This is an R notebook document. It allows you to mix R code, notes and outputs with nice formatting and is a nice way to record and present R analyses. You can create one of these documents in newer versions of R studio by going to File > New File > R Notebook.
I’ll use this notebook to provide worked answers to all of the exercises we did in the course.
Use R to calculate
31 * 78
697/41
These are just simple mathematical expressions entered on the console.
31 * 78
## [1] 2418
697 / 41
## [1] 17
Here we use the arrow symbols to make the assignments. They can point left or right but they must point from the data towards the variable name in which you want to store them.

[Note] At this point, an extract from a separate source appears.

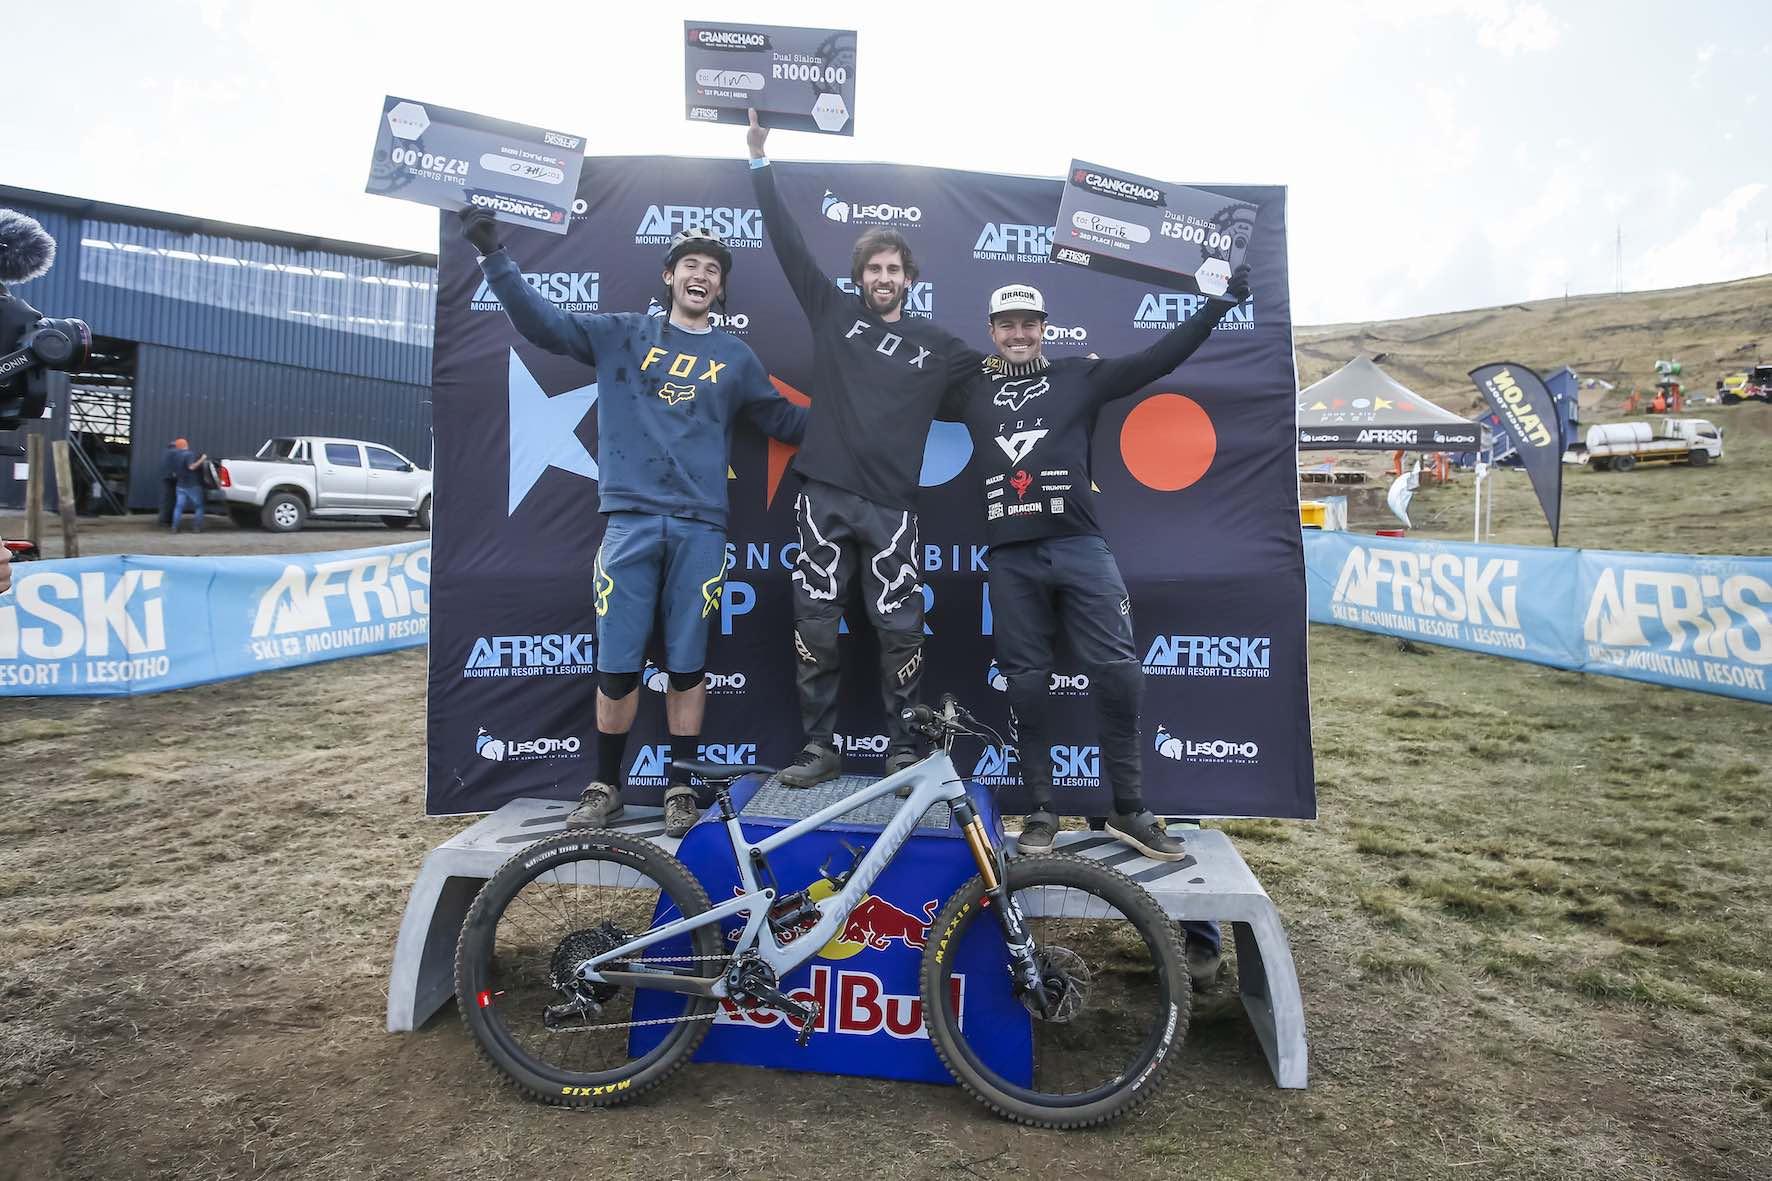 2019 CrankChaos Mens dual slalom podium

You can retrieve the data stored in a variable by just entering the varible name.
39 -> x
y <- 22
x-y -> z
z
## [1] 17
Both of these operations require the use of functions. The ideal solution is to nest the two function calls together so that the call to sqrt is inside the arguments to log2.
log2(sqrt(2345))
## [1] 5.597686
There is no mathematical relationship between these numbers so we need to manually create the vector using the ‘c’ function.
c(2,5,8,12,16) -> vec1
Because this is a series we can take a shortcut to make it using the language shortcut which makes integer series between two values.
5:9 -> vec2
vec1 - vec2
## [1] -3 -1 1 4 7
Because we have the same number of values in both vec1 and vec2 the equivalent positions will be paired up and we will see the subtraction results from the same positions, ie 2-5, 5-6, 8-7 etc.
We need to supply the from, by and length.out parameters to seq to create this series. As we’re using this in the next exercise we will save it into a new variable.
seq(from=2,by=3,length.out=100) -> number.series
number.series
## [1] 2 5 8 11 14 17 20 23 26 29 32 35 38 41 44 47 50
## [18] 53 56 59 62 65 68 71 74 77 80 83 86 89 92 95 98 101
## [35] 104 107 110 113 116 119 122 125 128 131 134 137 140 143 146 149 152
## [52] 155 158 161 164 167 170 173 176 179 182 185 188 191 194 197 200 203
## [69] 206 209 212 215 218 221 224 227 230 233 236 239 242 245 248 251 254
## [86] 257 260 263 266 269 272 275 278 281 284 287 290 293 296 299
Both of these require making a selection in the vector using the [ ] notation. Inside the square brackets you put a vector of index positions, so the problem here is to create the vector of index positions.
The first one is small enough that you could make it manually with c() or as it’s a series you could use seq() to make it. It doesn’t matter which.
The second one is an integer series so we can use the 10:30 notation to make this quickly.
number.series[c(5,10,15,20)]
## [1] 14 29 44 59
number.series[seq(from=5,to=20,by=5)]
## [1] 14 29 44 59
number.series[10:30]
## [1] 29 32 35 38 41 44 47 50 53 56 59 62 65 68 71 74 77 80 83 86 89
We will use the c() function to manually make this vector. Because the data we are entering is text we need to surround each name with quotes so that R doesn’t try to treat it as a variable name.
c("purple","red","yellow","brown") -> mouse.colour
This is a simple selection with a single index position.
mouse.colour[2]
## [1] "red"
Enter some numerical weight data (supplied in the question) into a vector called mouse.weight
c(23,21,18,26) -> mouse.weight
We will use the data.frame() function to do this. We don’t need to specify the number of rows / columns as these are defined by the data we use to create the data frame. The number of columns is the number of vectors we provide and the number of rows is the number of data points in each of those vectors.
If we pass the vectors to the data.frame() function as name=vector pairs then we can set the names for the columns when we create the data frame.
Remember that data.frame() will not save the result - you still need to use an arrow at the end to give it a name. You will see that the notebook formats the data frame we get as a nice looking table.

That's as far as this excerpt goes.